İmamoğlu: Adalar’daki taşımacılığı yüzde 90 oranında elektrikli araçla çözeceğiz; tamamen İBB kontrolünde olacak, şahıslarla muhatap olunmayacak
İmamoğlu’nun eylemcilere yanıtı ise şöyle oldu: “Ne söylediğimi bir daha dinleyin. ‘Gelir gelmez kaldıracağım’ diyen karşı taraf. Ama ben, ‘Gelir gelmez kaldıracağım’ demedim. Adalar’daki konuşmamı lütfen dinleyin. O zaman bile, ‘Tarafları dinleyeceğiz’ dedim. Ama biz vicdanen bu sürecin böyle gitmeyeceğini de biliyoruz. Ben, doğruyu bulmaya çalışıyorum. Ben, orada yapılan işin yüzde 90’ının da yanlış olduğunu tespit etmiş birisiyim. Yani sizi haksız çıkaran bir şey de söylemiyorum. Günün sonunda, arkadaşlarım bu işin çözümüne doğru aslında yaklaştı. Bugün, başka bir talihsiz olayı, at ölümlerini konuşuyoruz. Tariflediğiniz gibi, bu bugünün konusu da değil tek başına. Ne yazık ki uzun zamandır gelen bir süreç. Bir başkası yarış atını da istemiyor. Başka biri taşımacılıkta da istemiyor. Bunun sonu yok. Ben burada, bunu bütünüyle çözecek hakim konumunda değilim.

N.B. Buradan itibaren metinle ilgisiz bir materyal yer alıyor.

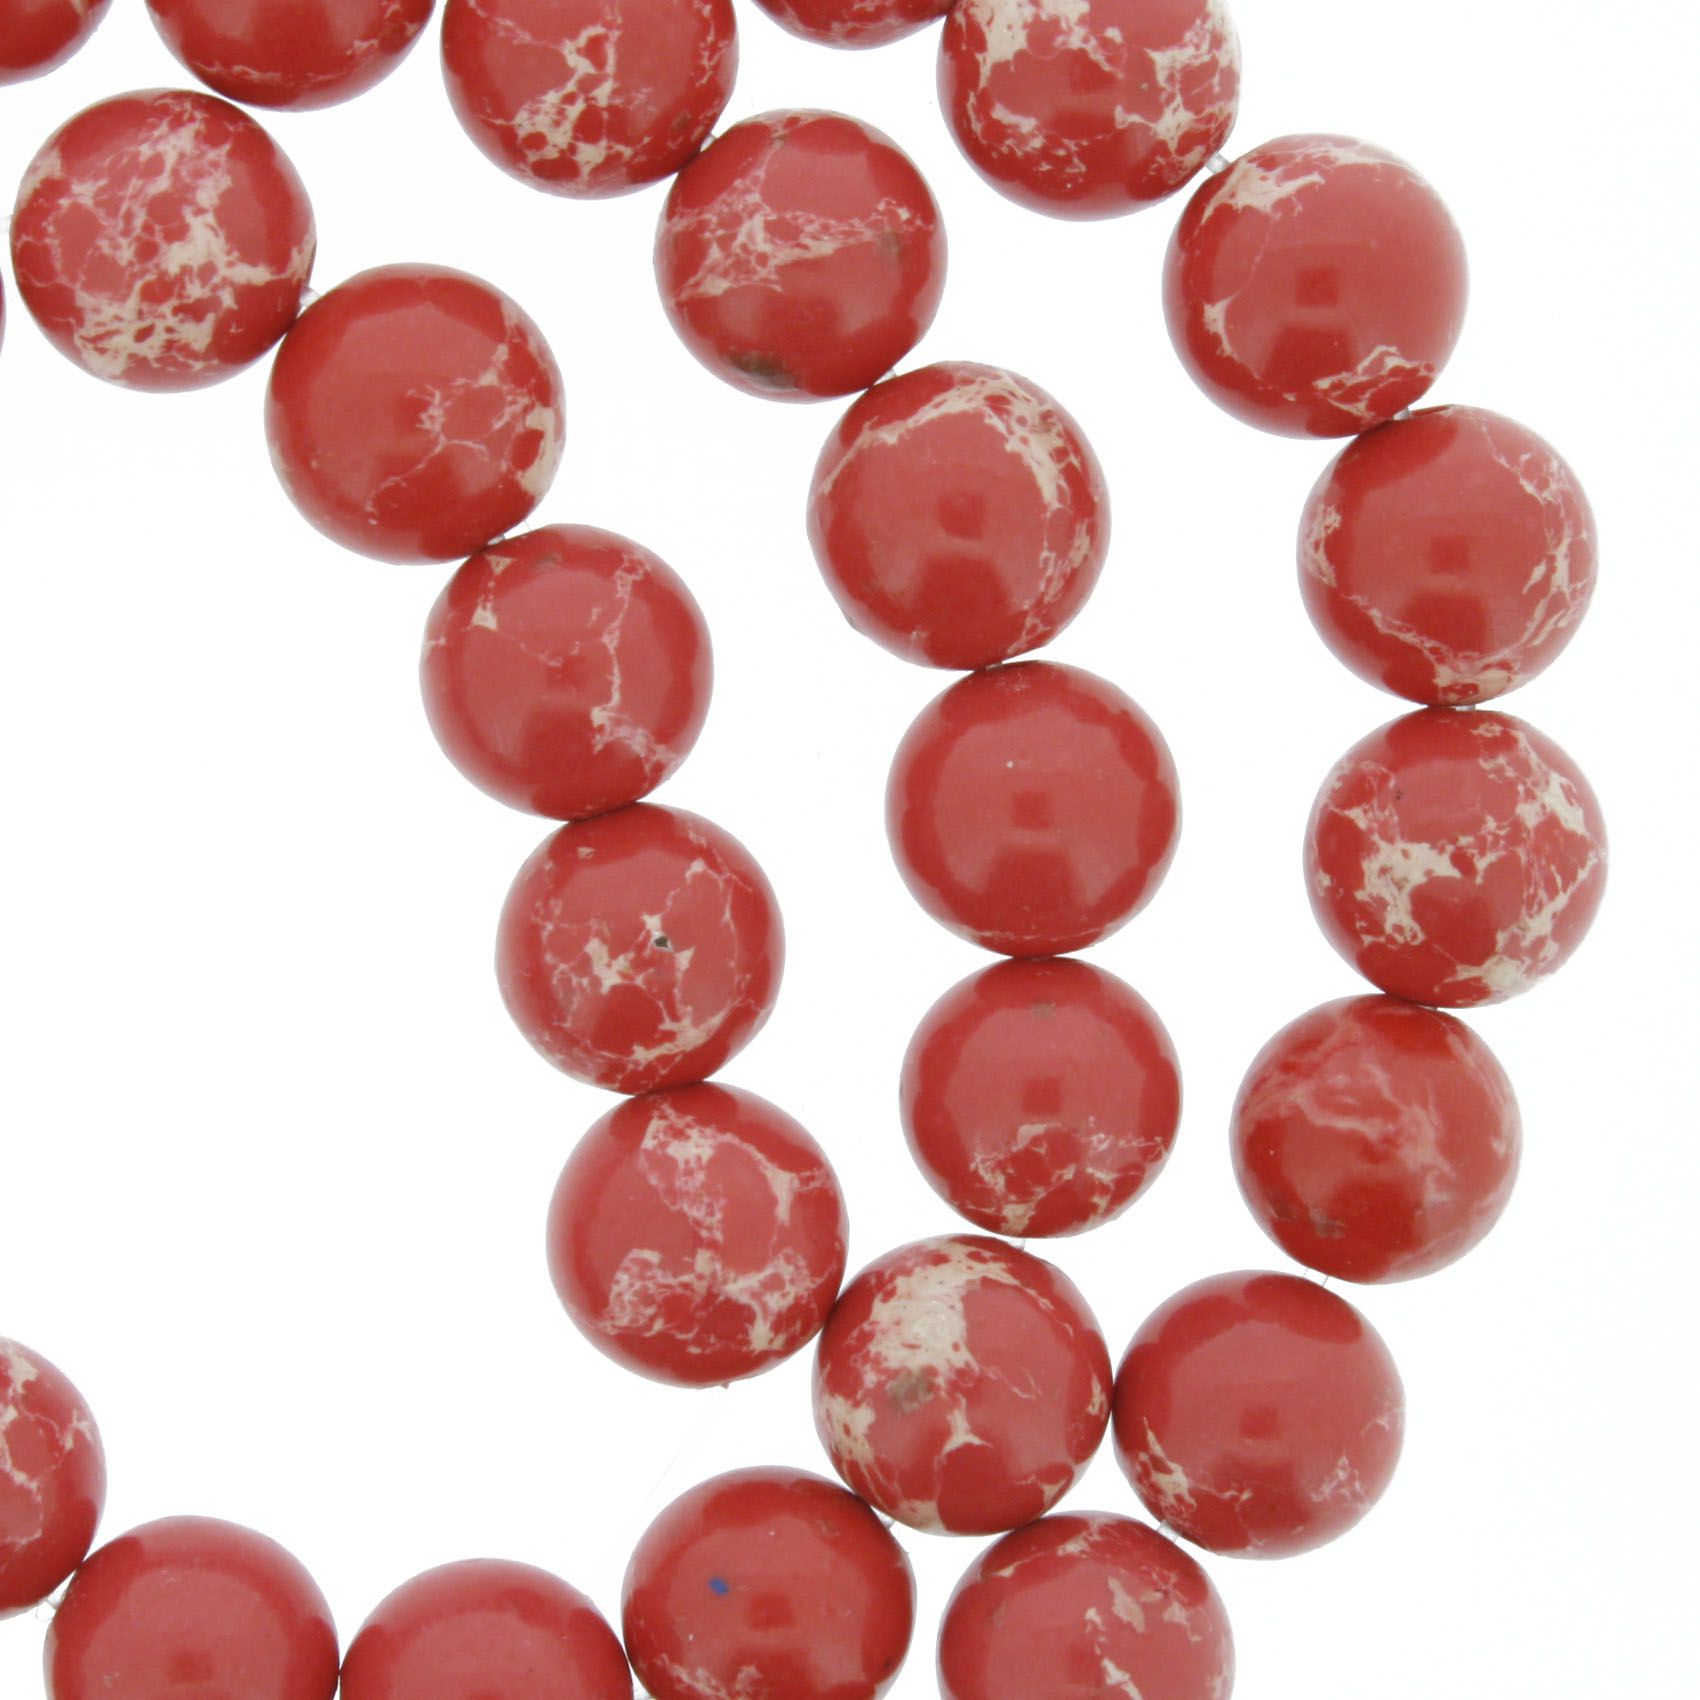 Fio de Pedra - Jaspe Imperial Vermelha - 8mm  - Stéphanie Bijoux® - Peças para Bijuterias e Artesanato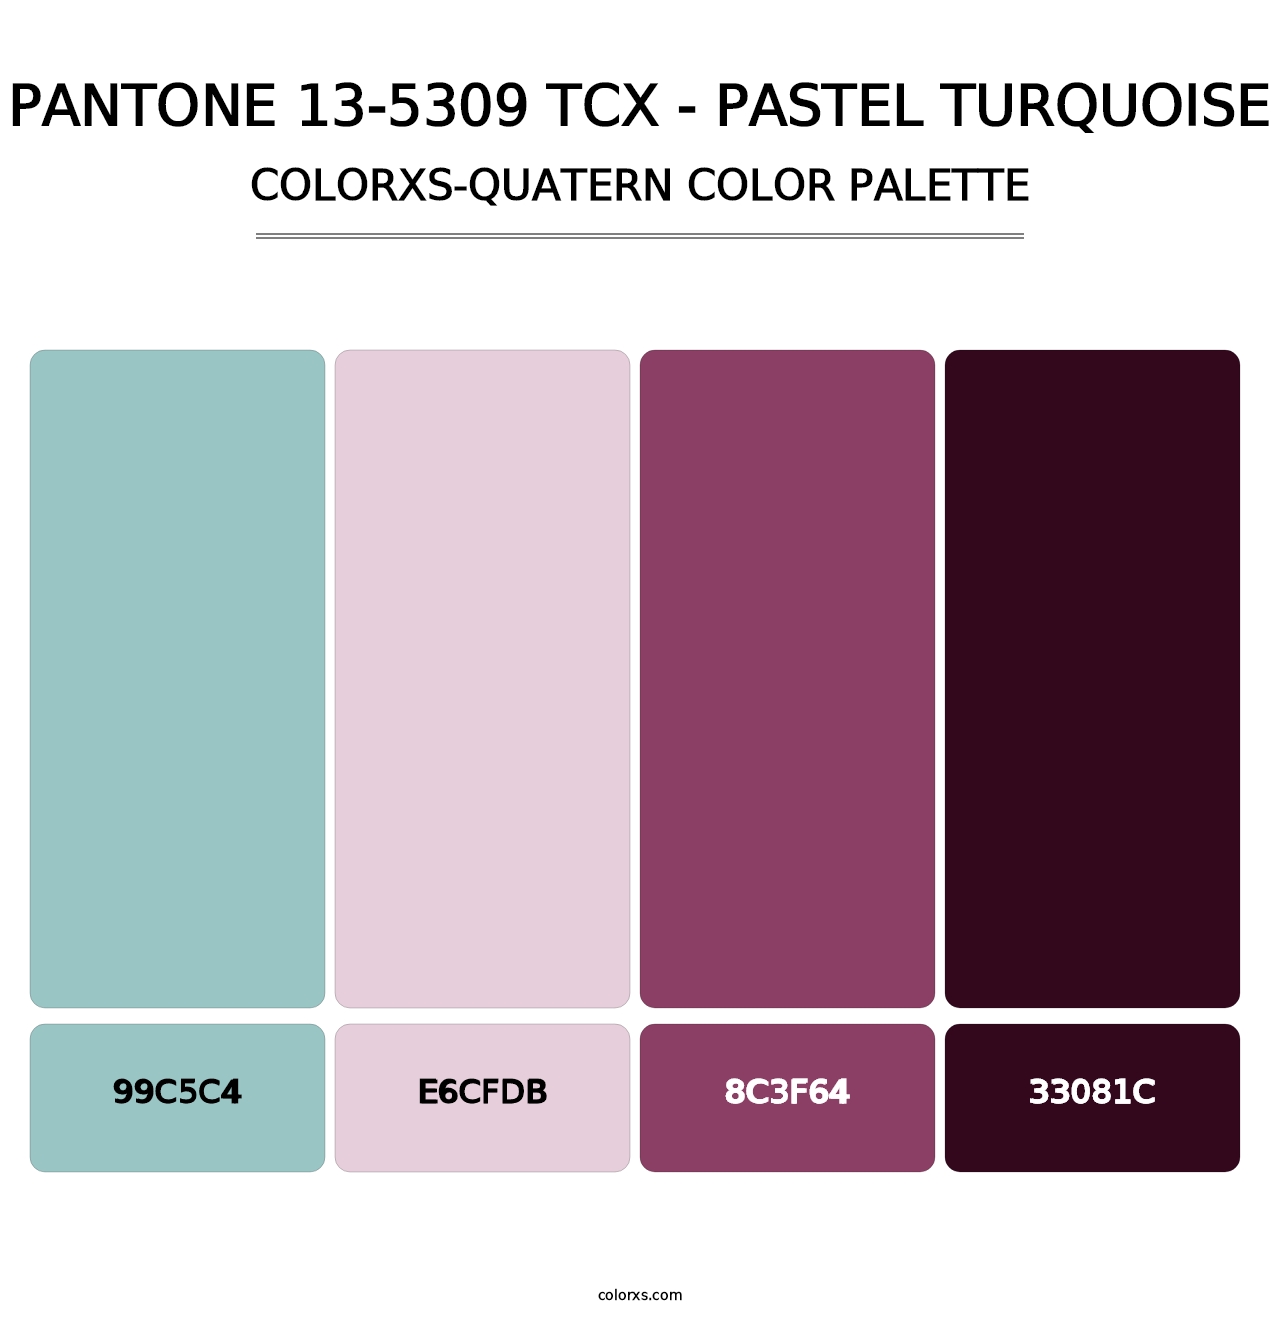 PANTONE 13-5309 TCX - Pastel Turquoise - Colorxs Quatern Palette

Ama biz, şunu çözüyoruz: Biz, yüzde 90 oranında, taşımacılıkla ilgili süreci tümüyle elektrikli araçla çözeceğimizin alt yapısını oluşturduk. Tümüyle elektrikli araçlarla bu süreceği çözeceğimizin alt yapısını oluşturduk. Arkadaşlarım, yaklaşık 2-2,5 aydır araç modelleriyle ilgileniyorlar. Ada’ya biz, yakıtlı araç sokmak istemiyoruz. Sizi tümüyle mutlu edemeyebilirim. Hayvan dahil, araçlar dahil, hiçbir şahıs muhatabı kalmıyor. Tümüyle bu iş, İBB kontrolünde olacak. Bir şahsa ya da bir ahıra emanet değil. Veterinerine kadar bütün unsurlarıyla. Bu denetimli mekanizmanın alt yapısını arkadaşlarım oluşturuyor.”